Some argue that Ralph doesn’t really care about progressives—that if he really cared, he’d get out of the way and make sure that progressives didn’t have anyone to vote for except for the Democratic nominee. Because the most important thing is that George must be stopped. Well, I agree, that’s important. But it’s not the only important thing. Another, more long-term important thing is that people like me who feel left out of the two-party process and its very narrow range of debate hang in there and fight for change, so that someday we may have viable candidates who care about some of the same things we care about. And the only weapon we really have is our vote. In this so-called democracy, that vote belongs to each and every one of us. My vote is mine to cast however I see fit. Just because I am a registered Democrat and have voted Democratic most of my life doesn’t mean the Democratic nominee for president is entitled to it. He has to earn it.

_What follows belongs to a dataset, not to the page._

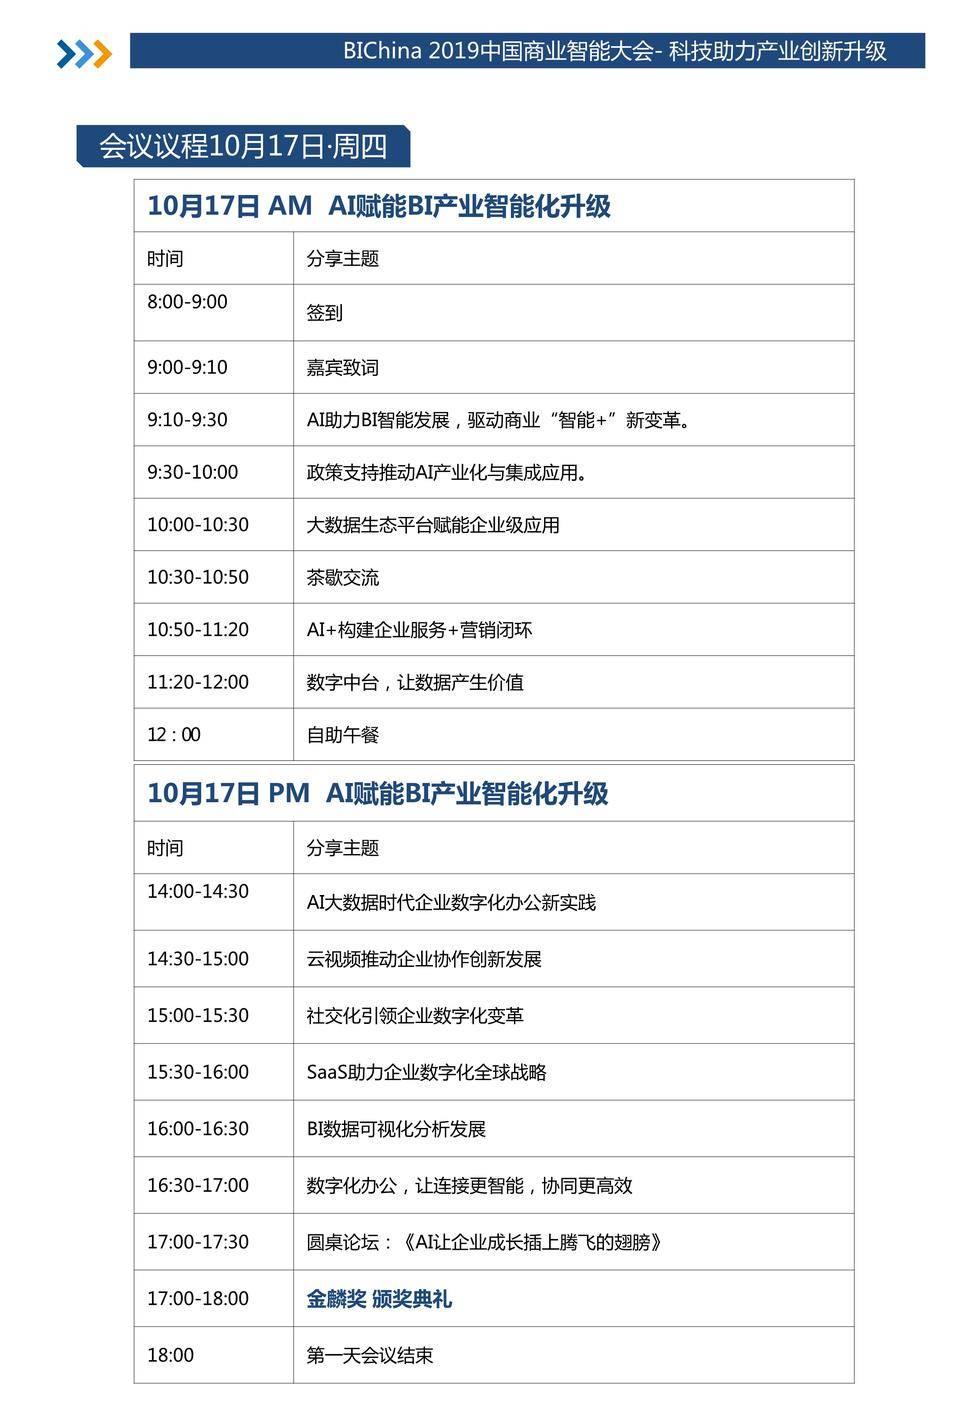 BIChina2019中国商业智能创新大会_6.jpg

So how do I feel about Ralph running again? At first I was hoping he wouldn’t (I know he won’t do as well this time around, and it likely will feel sadly anticlimactic), but now that I’ve read some of the scathing attacks and the desperate please-don’ts, I’m back to where I was four years ago: Go for it. Make them nervous. Make them earn my vote. Ralph didn’t blow it for Al in 2000: Al blew it for Al in 2000 (he won it anyway, but then the Supreme Court blew it for all of us). Ralph certainly won’t blow it this year for you, John. What Ralph is trying to do is make people of power and influence pay attention to the persistent problems affecting ordinary Americans, problems that have only gotten worse under George. If you listen, John, Ralph could actually make you stronger.

Because you know what? There’s nothing radical about universal health care (a majority of Americans want it). There’s nothing radical about a living wage. People everywhere are fed up with corporate crime (so are you—keep it up) and the continuing downward slide of the middle class. And so on.

You’ve spoken out on some of these and other progressive issues before—don’t let your advisors tell you to stop now because you’ll seem too “radical” for the general election. A lot of what we’re hoping for is just good, populist common sense. But as the Democratic Party has been pulled to the center, its corporate backers apparently don’t want to hear common sense.

If we hear it from you, John, you won’t have to worry about Ralph. Remember, we just need to know you care.